The OutputFileDatasetConfig Object

The OutputFileDatasetConfig object is a special kind of dataset that:

  • References a location in a datastore for interim storage of data.
  • Creates a data dependency between pipeline steps.

You can view a OutputFileDatasetConfig object as an intermediary store for data that must be passed from a step to a subsequent step.

An OutputFileDatasetConfig object as an intermediary data store between steps

OutputFileDatasetConfig Step Inputs and Outputs

To use a OutputFileDatasetConfig object to pass data between steps, you must:

  1. Define a named OutputFileDatasetConfig object that references a location in a datastore. If no explicit datastore is specified, the default datastore is used.
  2. Pass the OutputFileDatasetConfig object as a script argument in steps that run scripts.
  3. Include code in those scripts to write to the OutputFileDatasetConfig argument as an output or read it as an input.

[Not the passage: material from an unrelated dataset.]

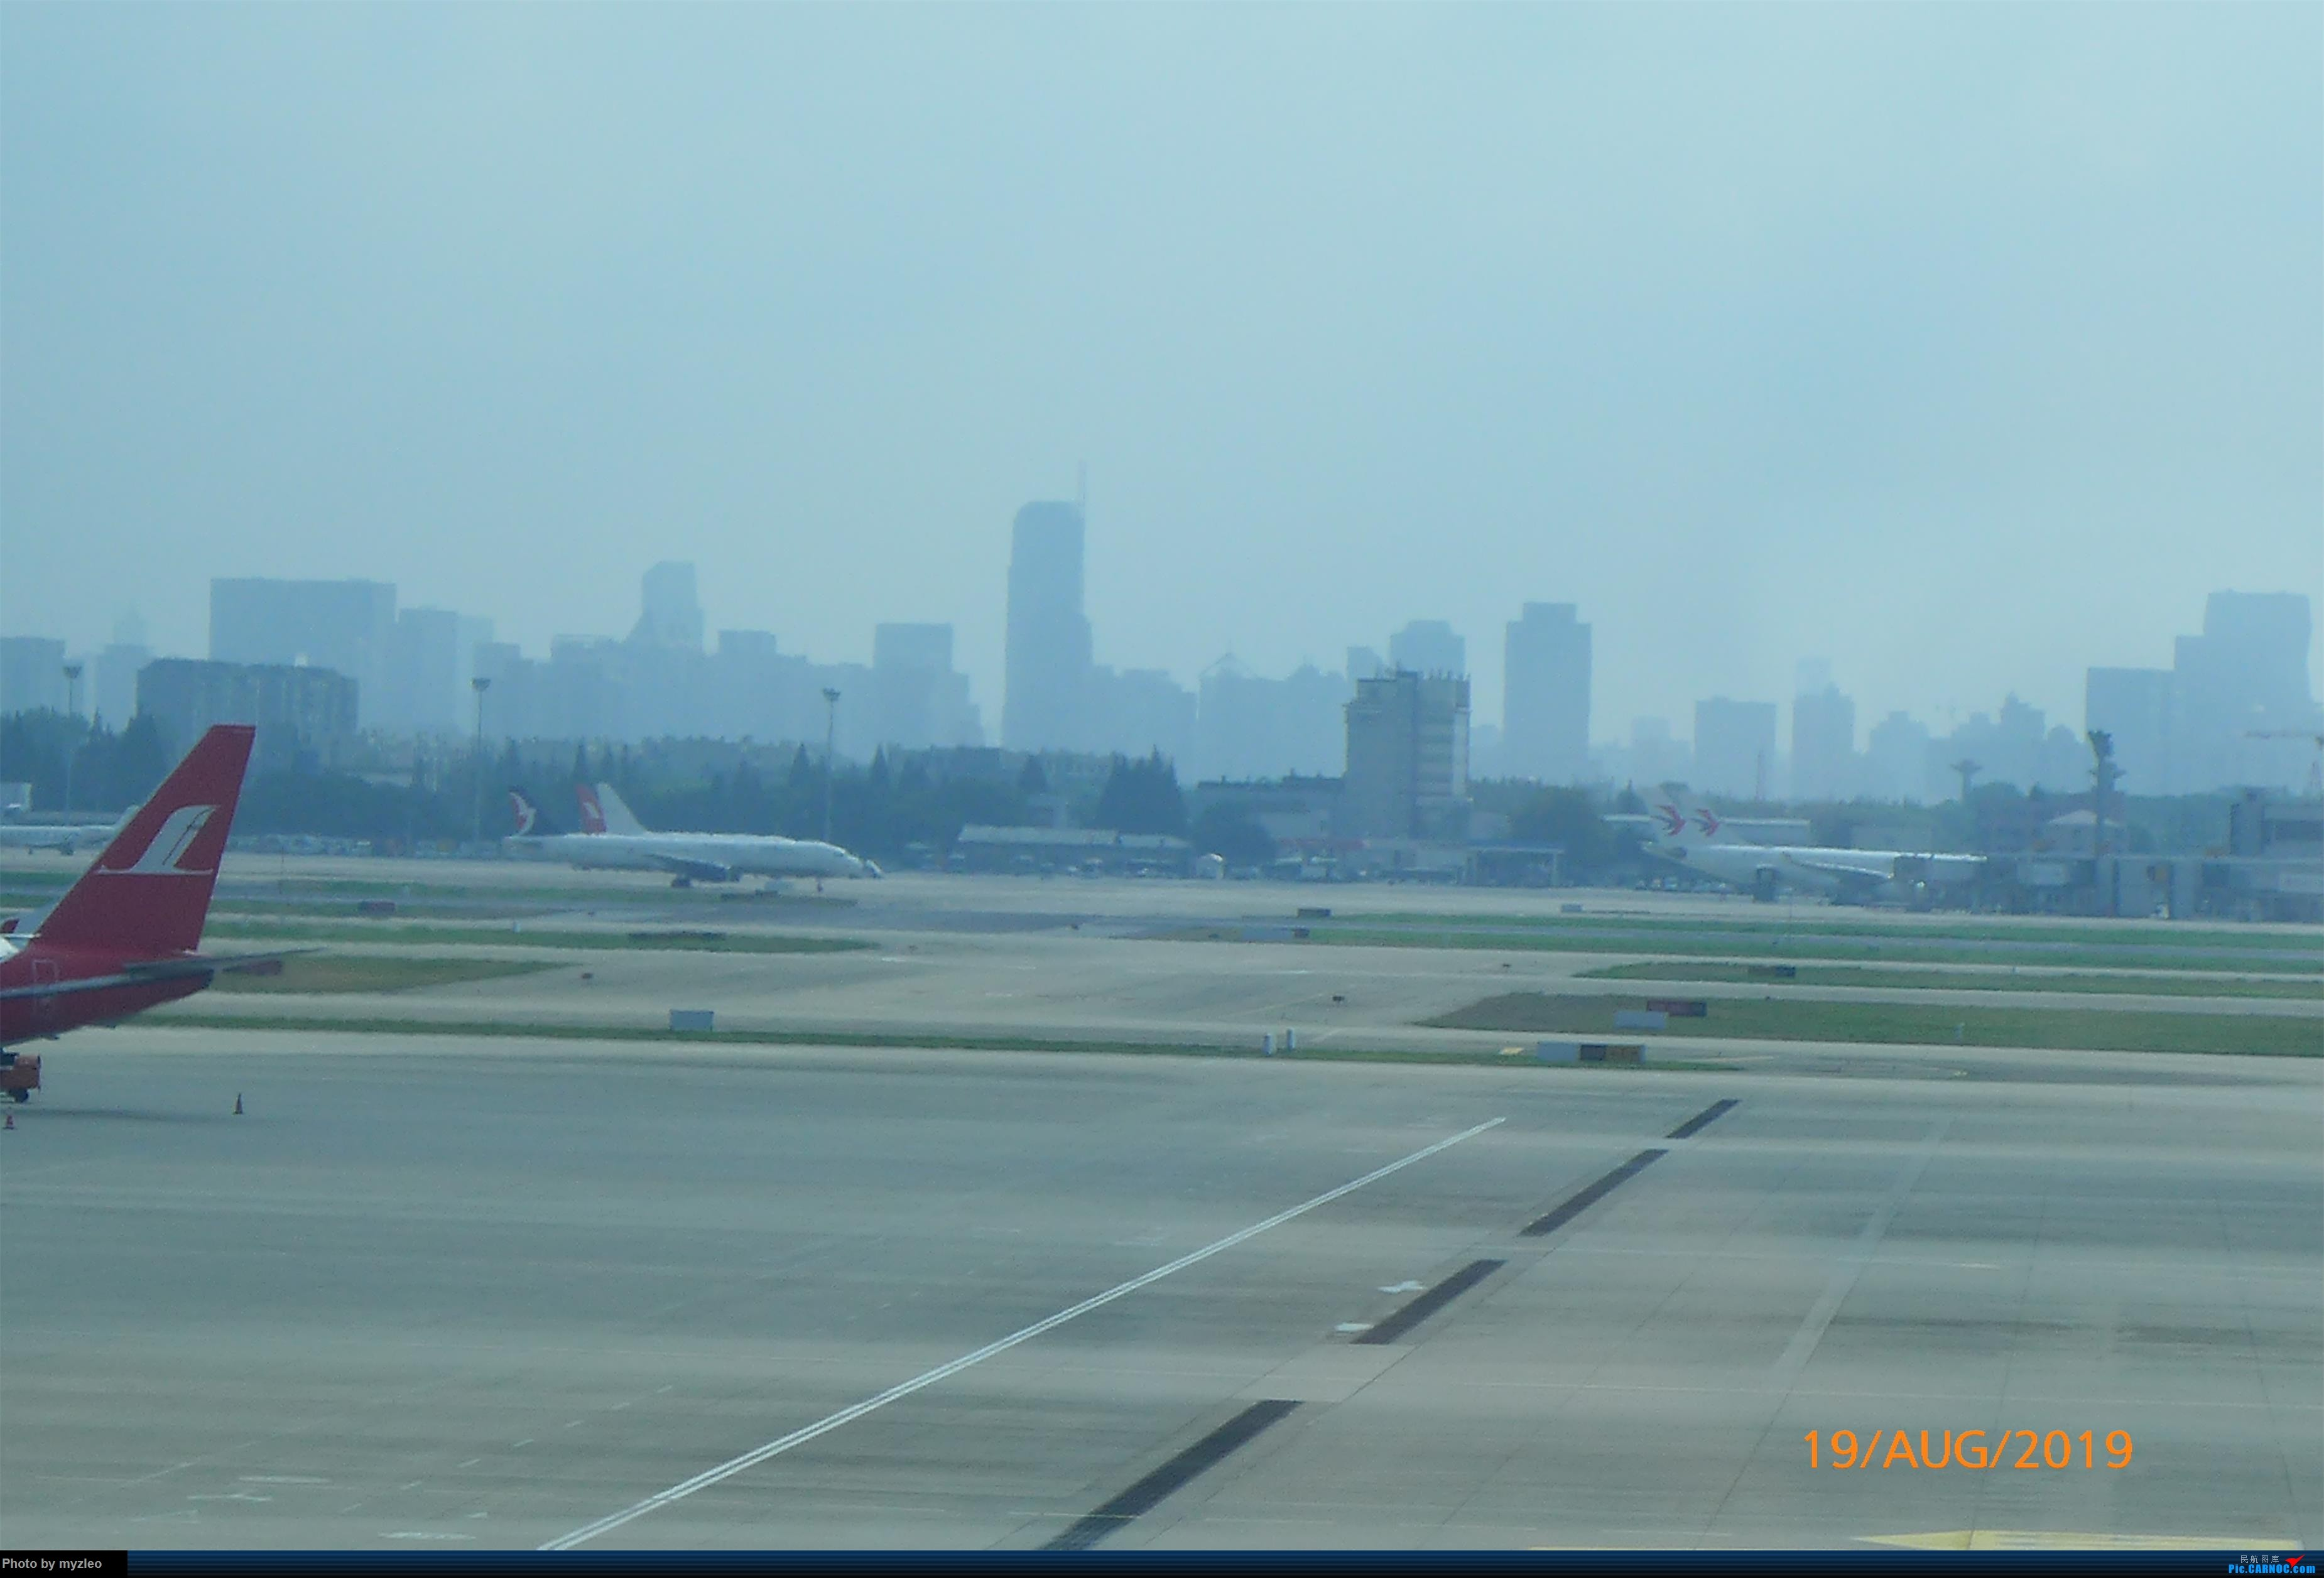 Re:[原创]【myzleo的游记5.1】梦圆一九(1)首搭国航359,北京城里到处走 BOEING 777-300ER B-2039 中国上海虹桥国际机场 中国上海虹桥国际机场

For example, the following code defines a OutputFileDatasetConfig object that for the preprocessed data that must be passed between the steps.

from azureml.data import OutputFileDatasetConfig
from azureml.pipeline.steps import PythonScriptStep, EstimatorStep

# Get a dataset for the initial data
raw_ds = Dataset.get_by_name(ws, 'raw_dataset')

# Define a PipelineData object to pass data between steps
data_store = ws.get_default_datastore()
prepped_data = OutputFileDatasetConfig('prepped')

# Step to run a Python script
step1 = PythonScriptStep(name = 'prepare data',
                         source_directory = 'scripts',
                         script_name = 'data_prep.py',
                         compute_target = 'aml-cluster',
                         # Script arguments include PipelineData
                         arguments = ['--raw-ds', raw_ds.as_named_input('raw_data'),
                                      '--out_folder', prepped_data])

# Step to run an estimator
step2 = PythonScriptStep(name = 'train model',
                         source_directory = 'scripts',
                         script_name = 'train_model.py',
                         compute_target = 'aml-cluster',
                         # Pass as script argument
                         arguments=['--training-data', prepped_data.as_input()])

In the scripts themselves, you can obtain a reference to the OutputFileDatasetConfig object from the script argument, and use it like a local folder.

# code in data_prep.py
from azureml.core import Run
import argparse
import os

# Get the experiment run context
run = Run.get_context()

# Get arguments
parser = argparse.ArgumentParser()
parser.add_argument('--raw-ds', type=str, dest='raw_dataset_id')
parser.add_argument('--out_folder', type=str, dest='folder')
args = parser.parse_args()
output_folder = args.folder

# Get input dataset as dataframe
raw_df = run.input_datasets['raw_data'].to_pandas_dataframe()

# code to prep data (in this case, just select specific columns)
prepped_df = raw_df[['col1', 'col2', 'col3']]

# Save prepped data to the PipelineData location
os.makedirs(output_folder, exist_ok=True)
output_path = os.path.join(output_folder, 'prepped_data.csv')
prepped_df.to_csv(output_path)